* INFORMATION SUPPLIED *
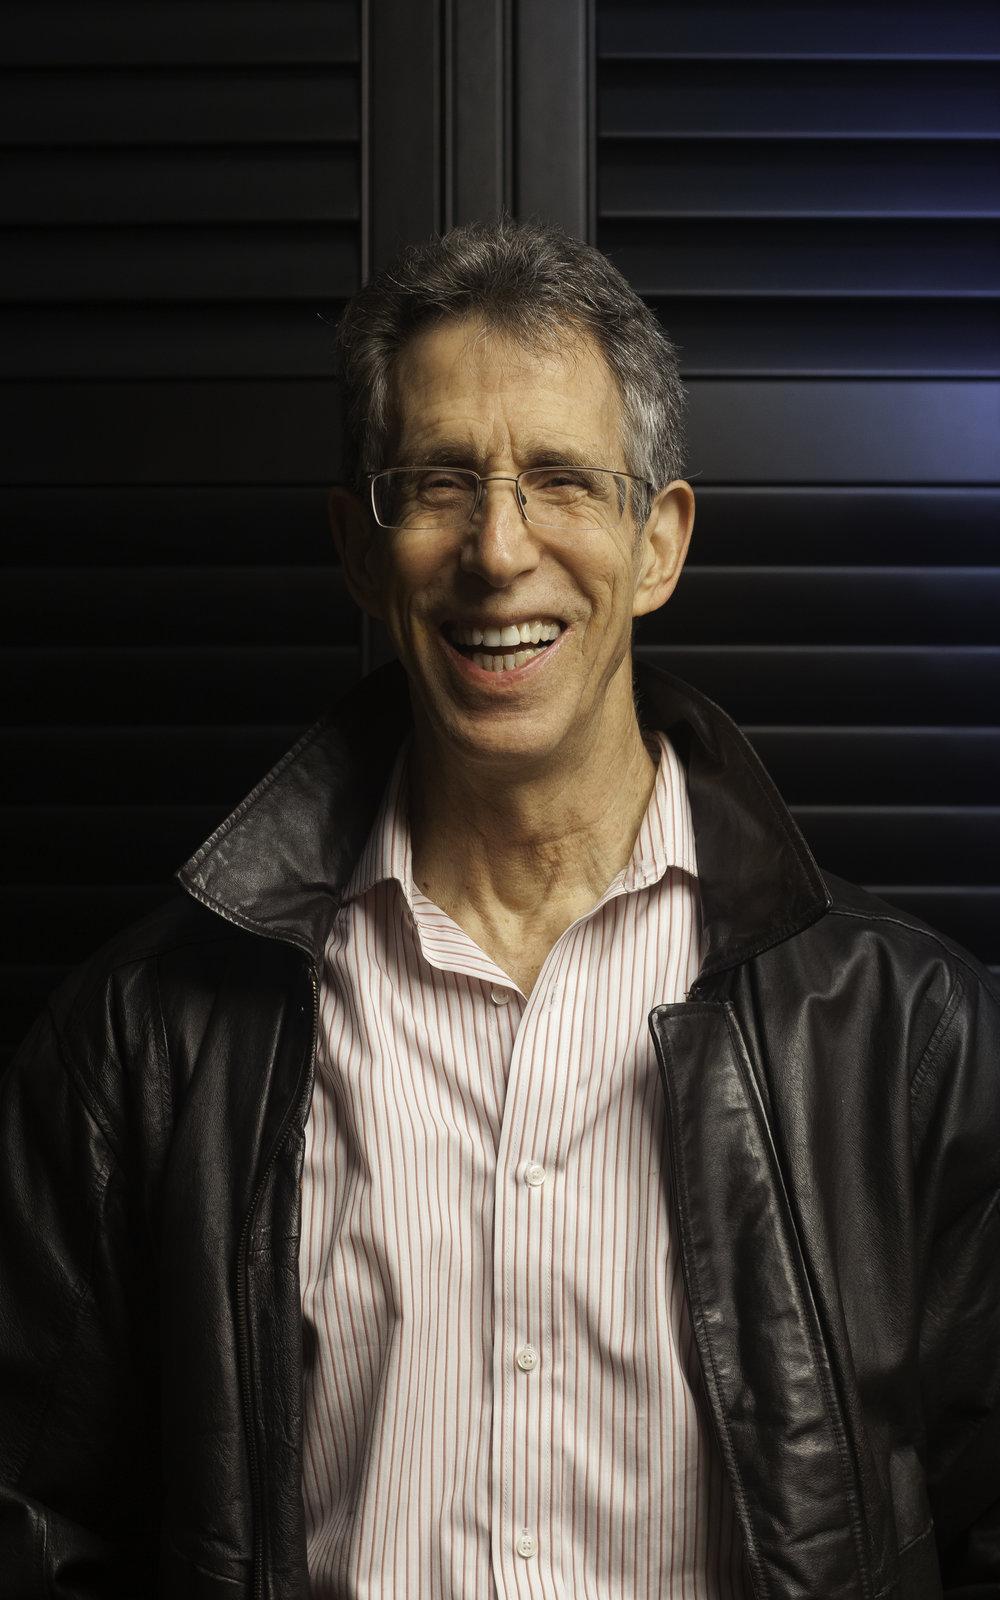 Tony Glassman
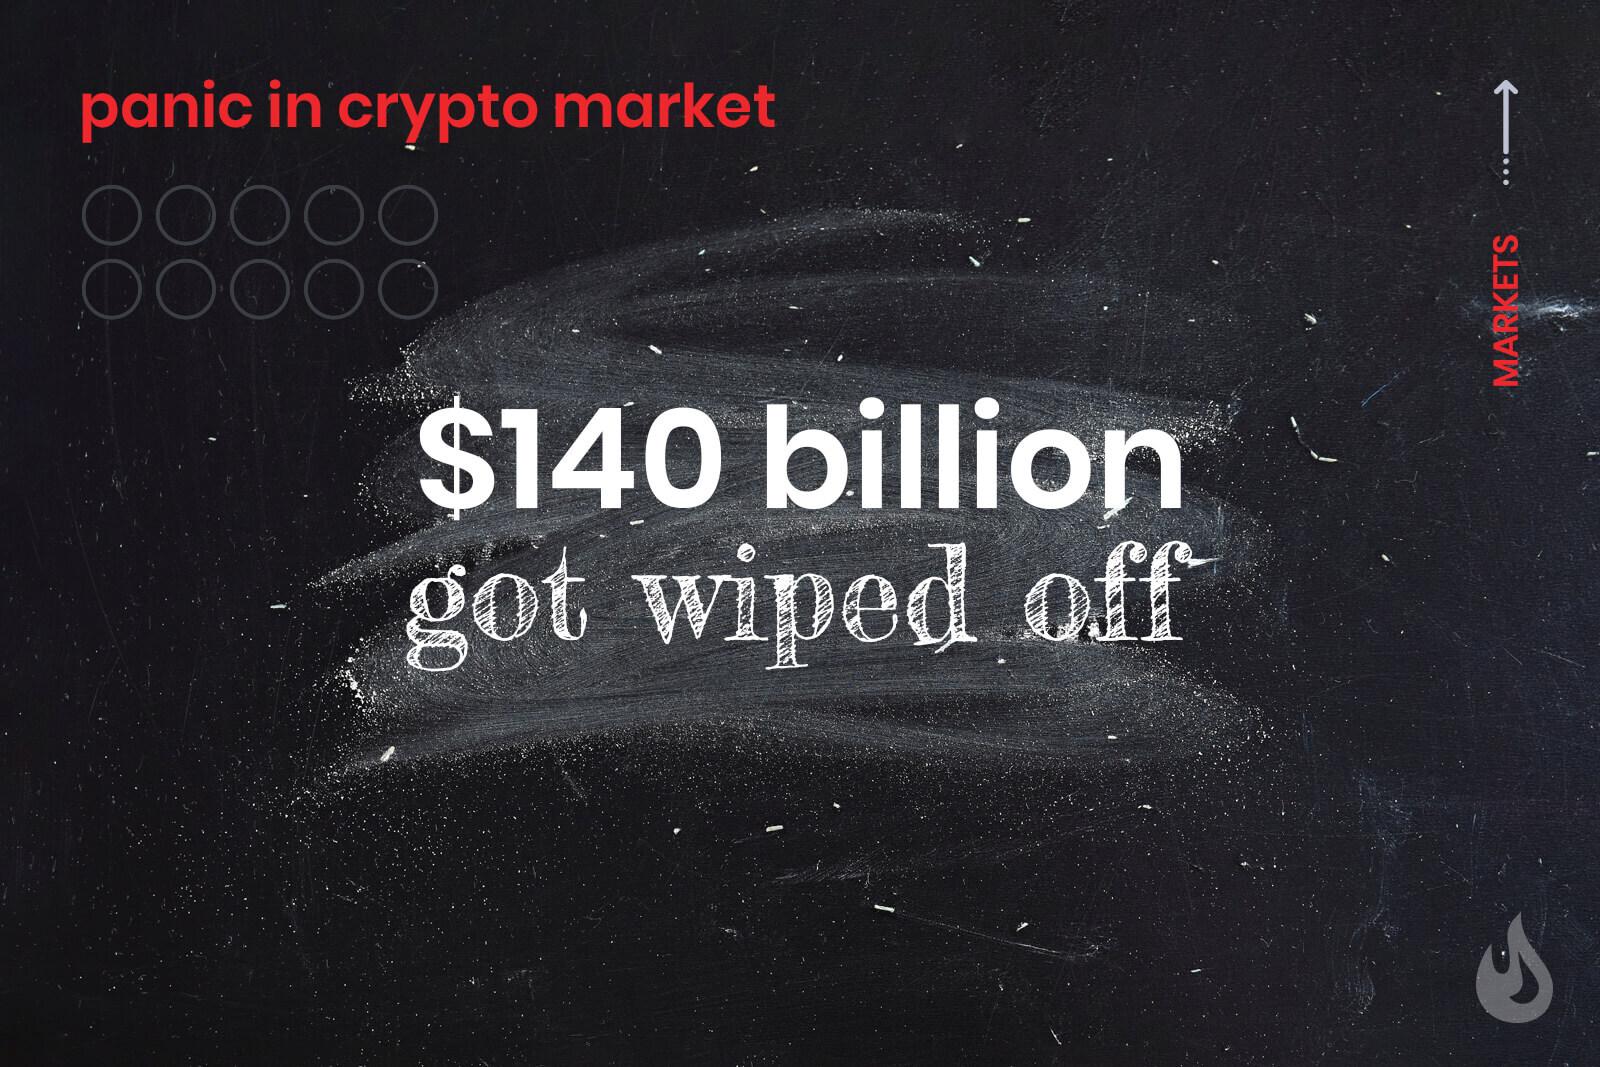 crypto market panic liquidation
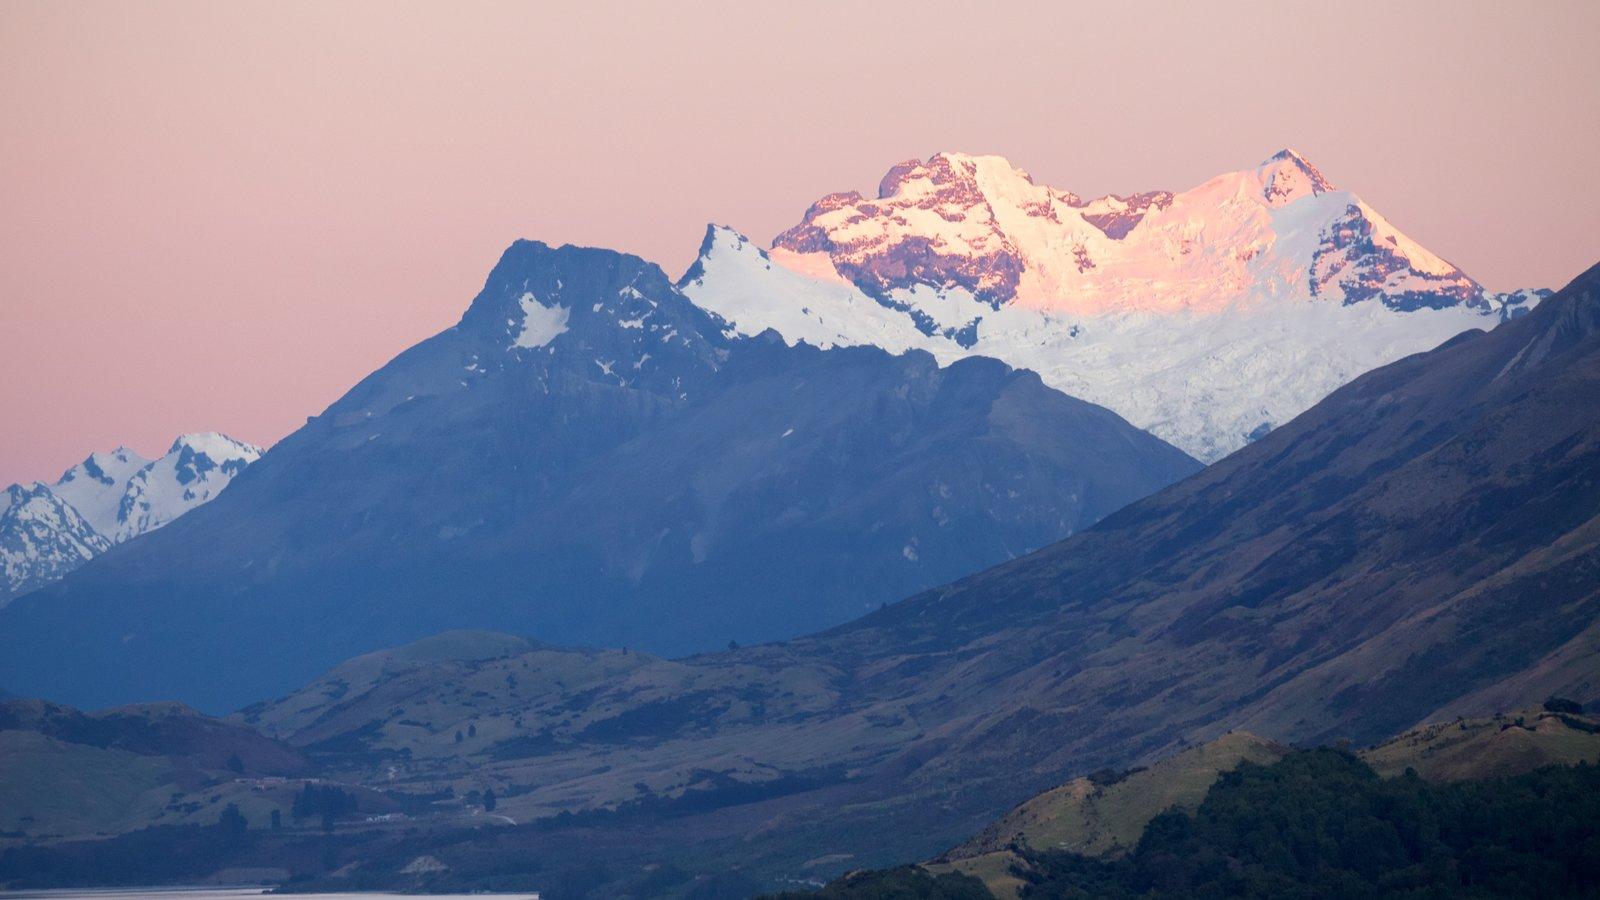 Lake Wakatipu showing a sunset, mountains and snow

* WHAT TO PRODUCE *
Please retype the data exactly. The pictures do not go in.

* RESPONSE *
 Tony Glassman
 crypto market panic liquidation
 Lake Wakatipu showing a sunset, mountains and snow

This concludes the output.